A new study provides insight into the fears of Americans.
The Chapman University Survey of American Fears found out that a number of factors are responsible for putting the fear into U.S. residents in 2015. The list of fear-inducing factors includes illegal immigration, natural disasters and civil unrest among many others.
The issue of corruption towers above the rest when it comes to inducing fear. Most of the prominent fears originate from human causes. About 58 percent of total respondents are afraid of corruption. This makes it the top fear of the country. Next in line was cyber-terrorism occupying 44.8 percent of respondents' minds. The issue of personal data breach due to corporate tracking completed top three fears. About 44.6 percent were afraid of unauthorized snooping on data.
It is a matter of worry, however, when fears turn toxic. It can push people to fight one another and break social trust. Without this trust, it becomes impossible for communities and nations to function in a united manner. Studies done on 2014 and 2015 provide valuable insights to the mutual fears that blight the U.S.
The important findings are:
- The people who are distrustful of others are twice the number of respondents who are of the opinion that individuals can be trusted.
- About 50 percent of Americans are at least a little afraid of strangers.
- Fewer than 50 percent said that they would help a stranger whose car ran out of gas on the road.

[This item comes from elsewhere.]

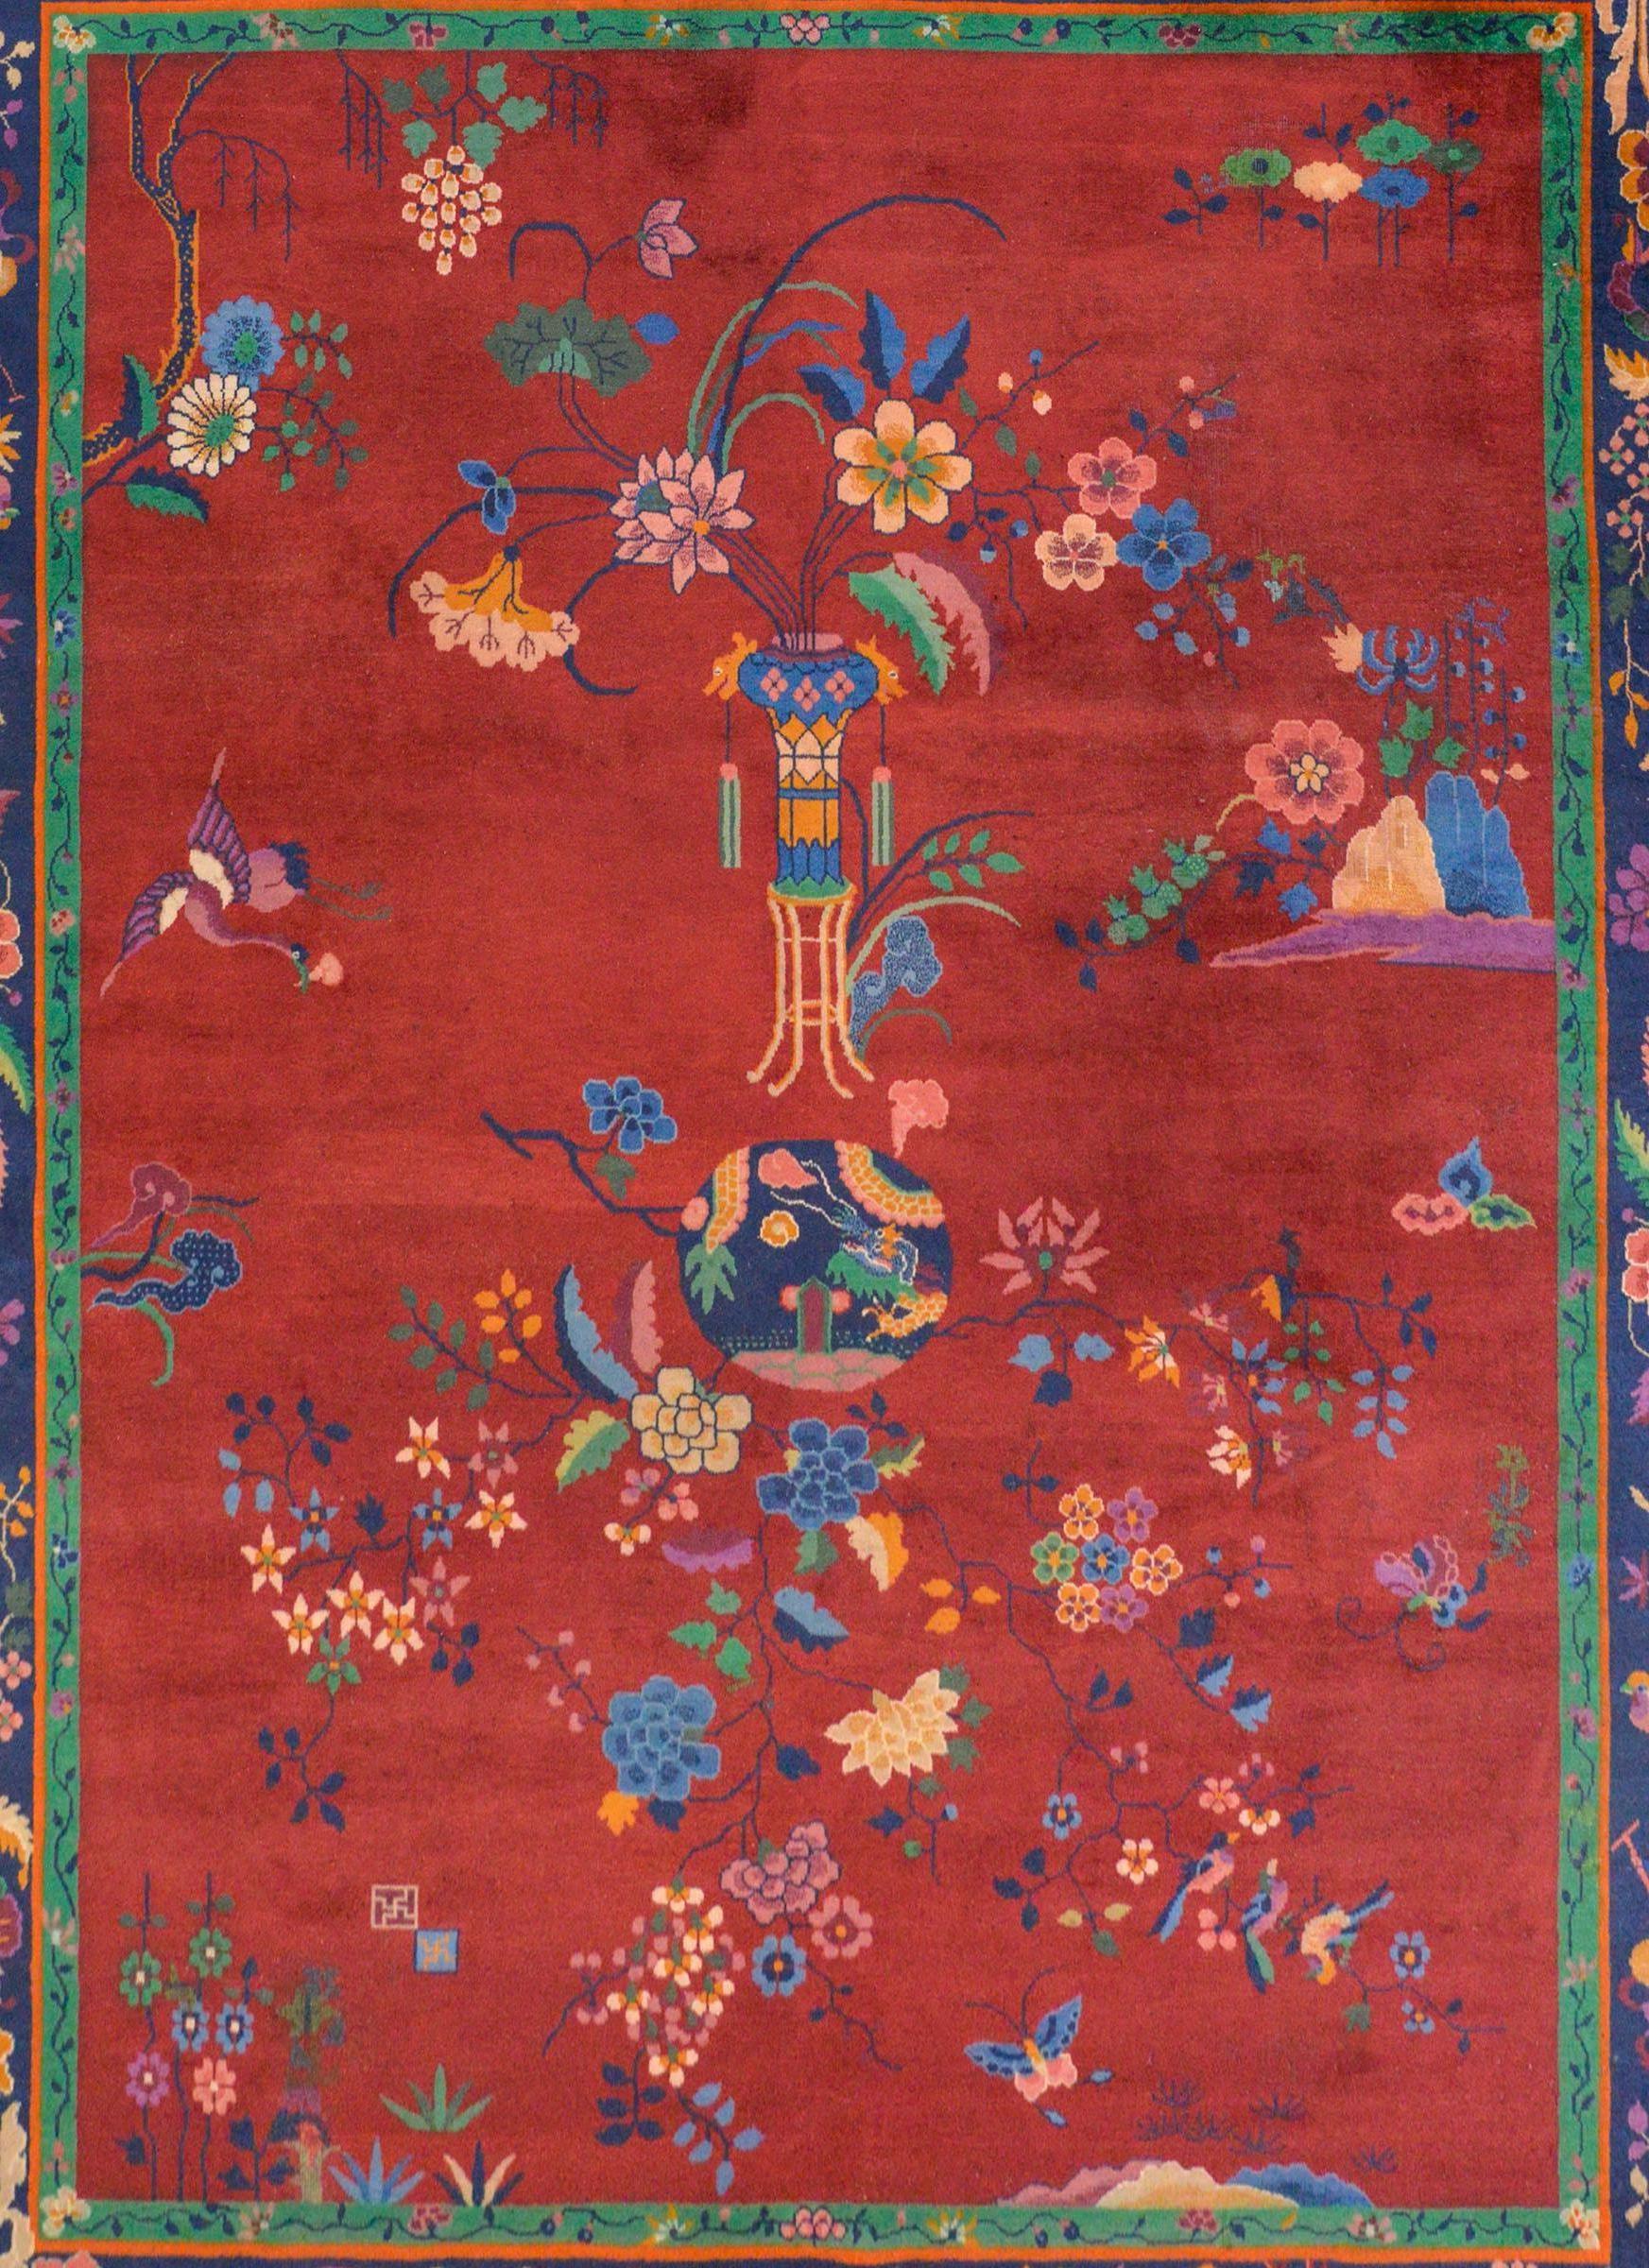 An awesome Chinese Art Deco rug with a wonderful pattern containing a vase on stand potted with flowering chrysanthemum, lotus, and prunus blossoms on one side, with a wildly expressive floral pattern on the other, all woven in myriad colors on a
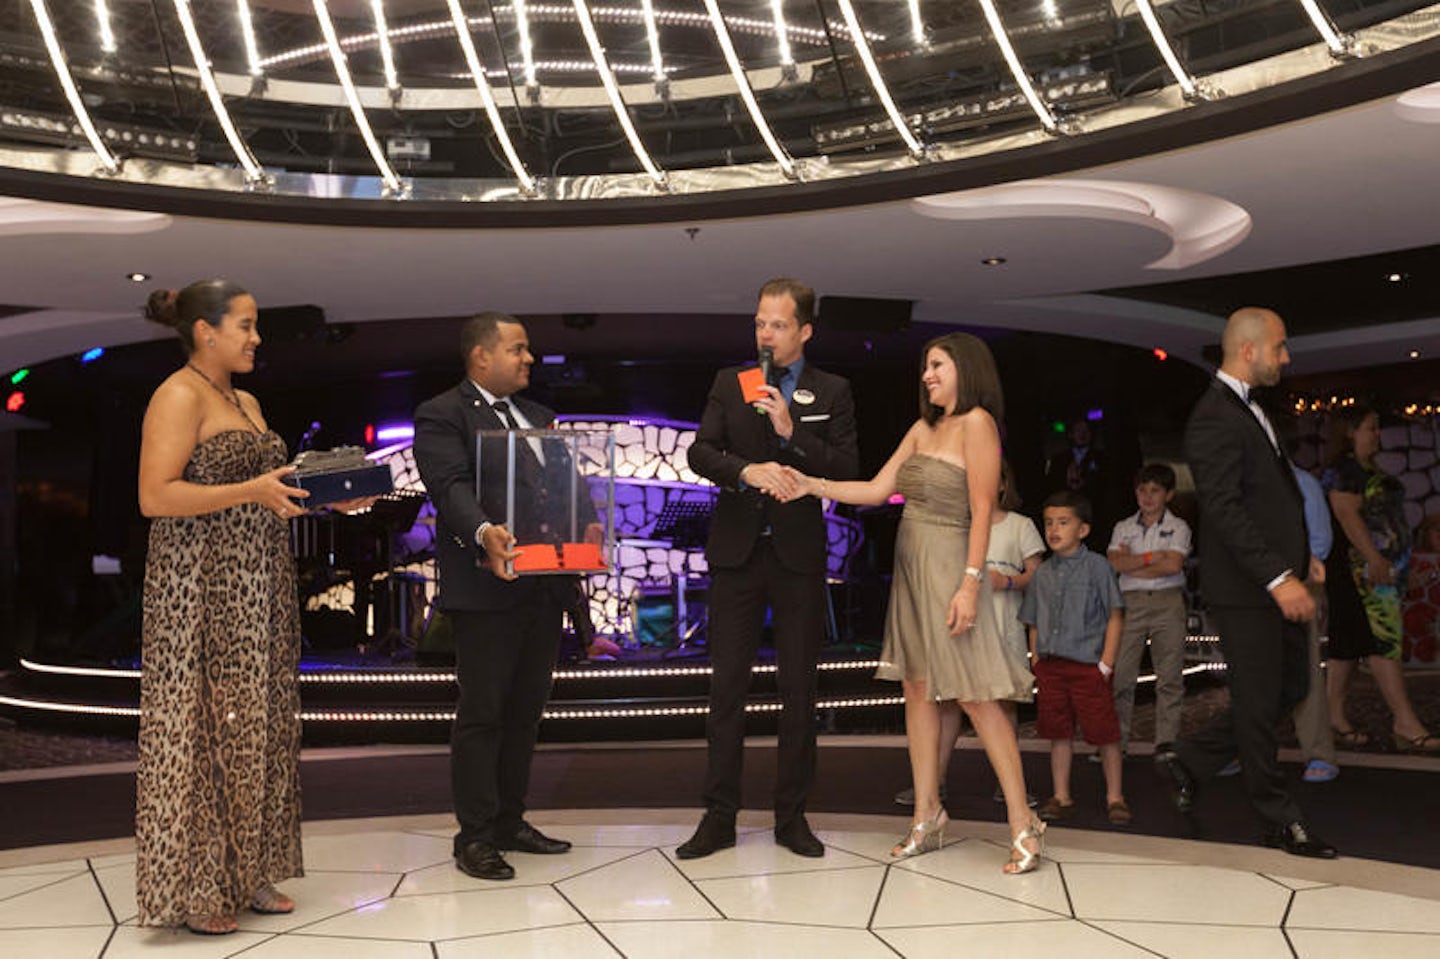 Dance with the Officers on MSC Divina

Such fear and distrust frequently target the vulnerable sections of the population. This is telling as almost 40 percent of Americans hold the belief that diseases are imported into the U.S. by immigrants. They also believe that illegal immigrants commit more crimes compared to U.S. citizens.
The study also revealed that the warmest feeling of Americans was skewed towards whites. They have an enviable 74 rating on the feeling thermometer scale. Muslims are far lower down the scale, with only Atheists beating them to the bottom heap. Immigrants are seen to be more favorable than Muslims. Hate crimes have increased by three times against Muslims, with mosques being attacked, because they are easy targets. Politicians do not dare to touch majority groups as they do with Muslims. This ignites fear that stokes an emotional response rather than a logical one.